The thumbprint policy is to prevent fraud.

But there are other policies as well, policies that Valdez apparently followed but the bank now admits it ignored.

"The bank has apologized to Mr. Valdez and his family for any inconvenience this may have caused," said bank spokesperson Nicole Nastacie in a written statement this afternoon. "This is an isolated occurrence and does not represent the bank's policies for accommodating customers or non-account holders with disabilities. We have ensured those policies have been underscored with all our associates across the bank."

Valdez was attempting to cash his wife's check Thursday at the Bank of America, 101 E. Kennedy Blvd. However, Valdez doesn't have an account at that bank and was asked to provide a thumbprint. It has been the bank's procedure for 10 years to prevent fraud.

"Obviously, you aren't going to give us a thumbprint," Valdez recalled the teller saying.

Valdez wasn't offended by the remark.

However, he asked to speak with the manager for alternatives that would allow him to cash the check. He was provided with two options: Have his wife come to the branch or open his own account.

Neither was practical, so he didn't cash the check.

"I guess I was shocked -- anger hadn't set in at that point -- by what they had to say," Valdez said Wednesday. "That's just not acceptable."

Nastacie said that once Valdez made it clear that he could not offer a thumbprint, bank personnel should have accepted his two identifications.

"Although we have certain requirements for non-account holders who use Bank of America for check-cashing services (including thumb printing), we also offer alternate requirements for individuals who may not be able to provide a thumbprint signature," she said. "One alternative may include additional forms of identification. This alternative should have been offered Mr. Valdez."

Valdez knows something about customer service. He has more than 20 years in the field and now serves as a manager for quality assurance and customer satisfaction for Hillsborough County's Public Works Department.

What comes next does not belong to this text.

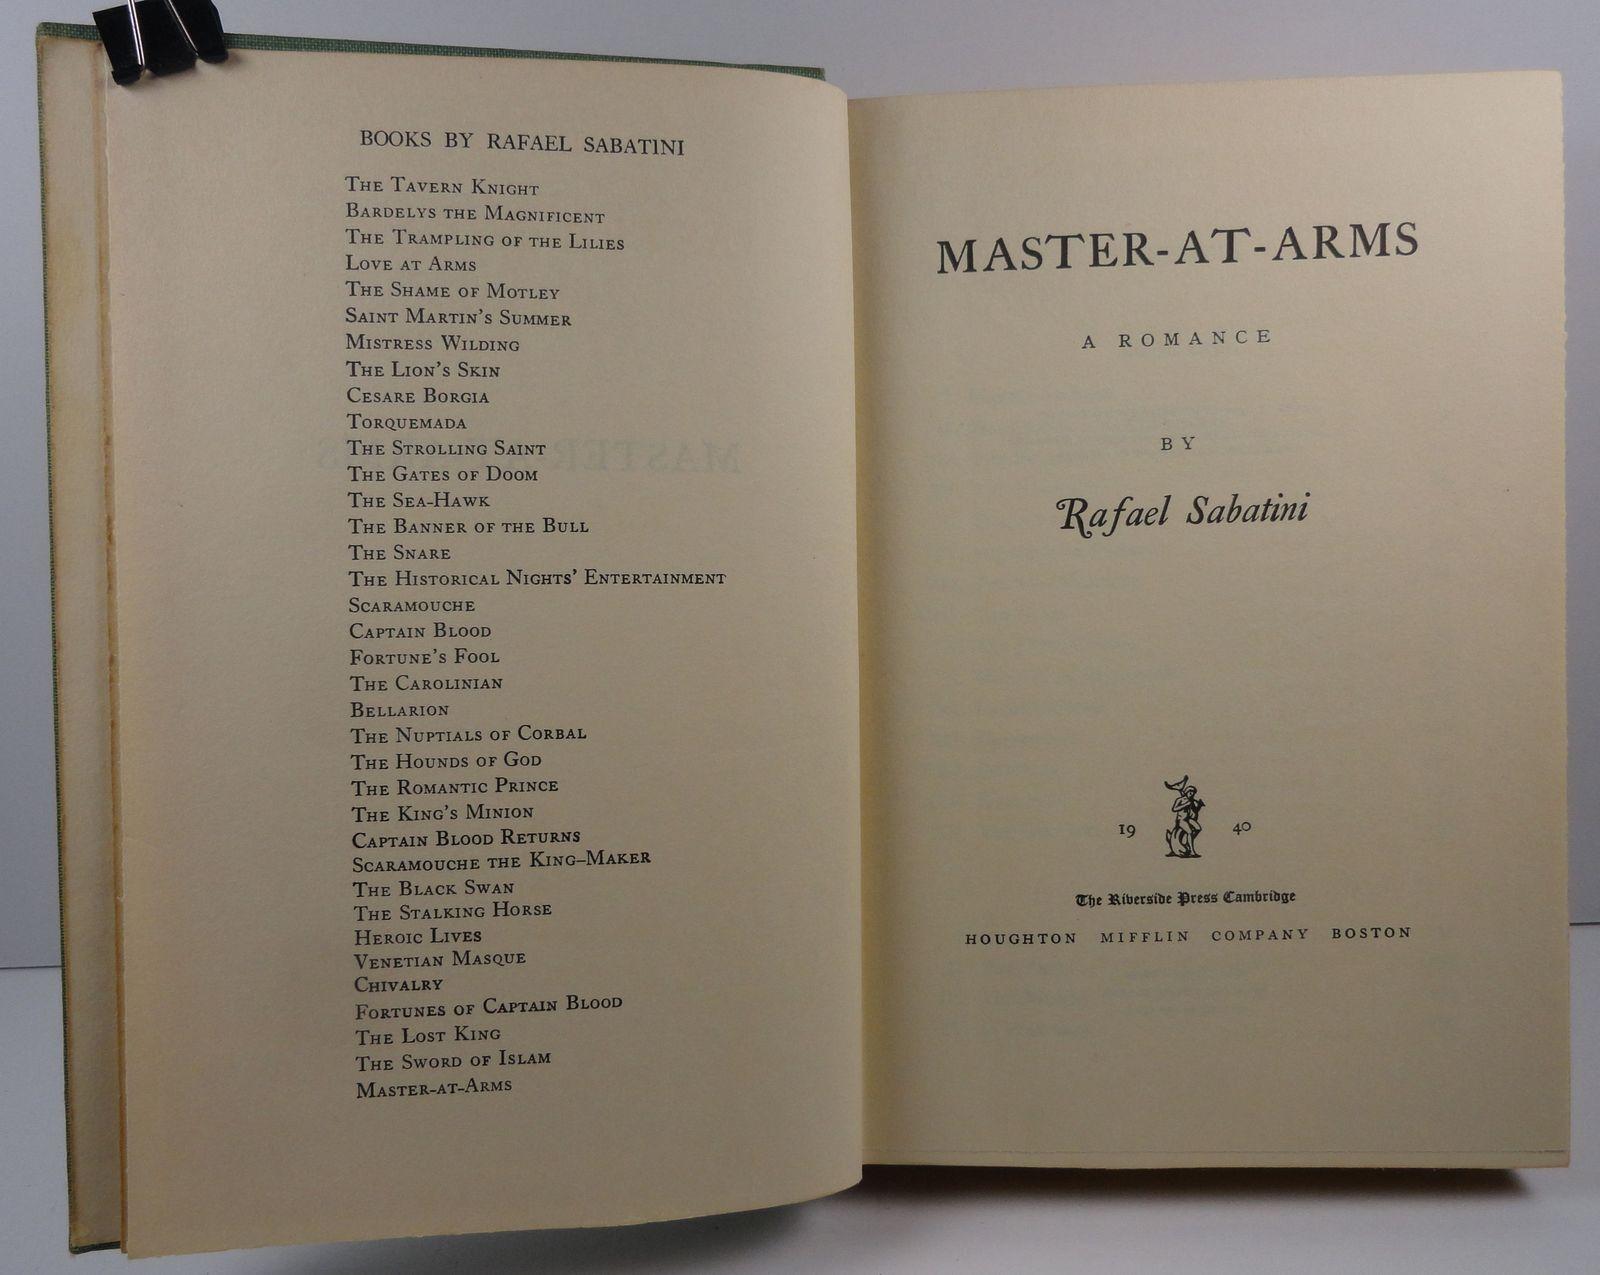 Master At Arms by Rafael Sabatini 1940 Houghton Mifflin

"You realize this is not the end of this; I just can't let this go,' " he recalled telling the manager, and "she said 'OK.'"

Nastacie said the company is working on developing alternatives to avoid similar episodes, but she won't go into any changes at the branch in question.

"For privacy reasons," she would not discuss the manager's employment status or whether she would be retrained.

"To her knowledge," nothing like this has ever happened before, Nastacie said.

Perhaps not in this bank, but the disabled face access problems every day said Barry Shalinsky, a self-determination team manager with the Advocacy Center for Persons With Disabilities Inc.

He said the bank's concerns regarding fraud prevention are legitimate, but "they need to flexible."

"They need to come up with a reasonable alternative. It can be a collaborative process between them and the individual," he said.

Shalinksy said he believes Valdez is doing the right thing by speaking up, and he urges others with disabilities to "know your rights, stand up for yourself and demand."

Shalinksy said you don't need to be unpleasant, but be assertive. "Don't take no for an answer," he said.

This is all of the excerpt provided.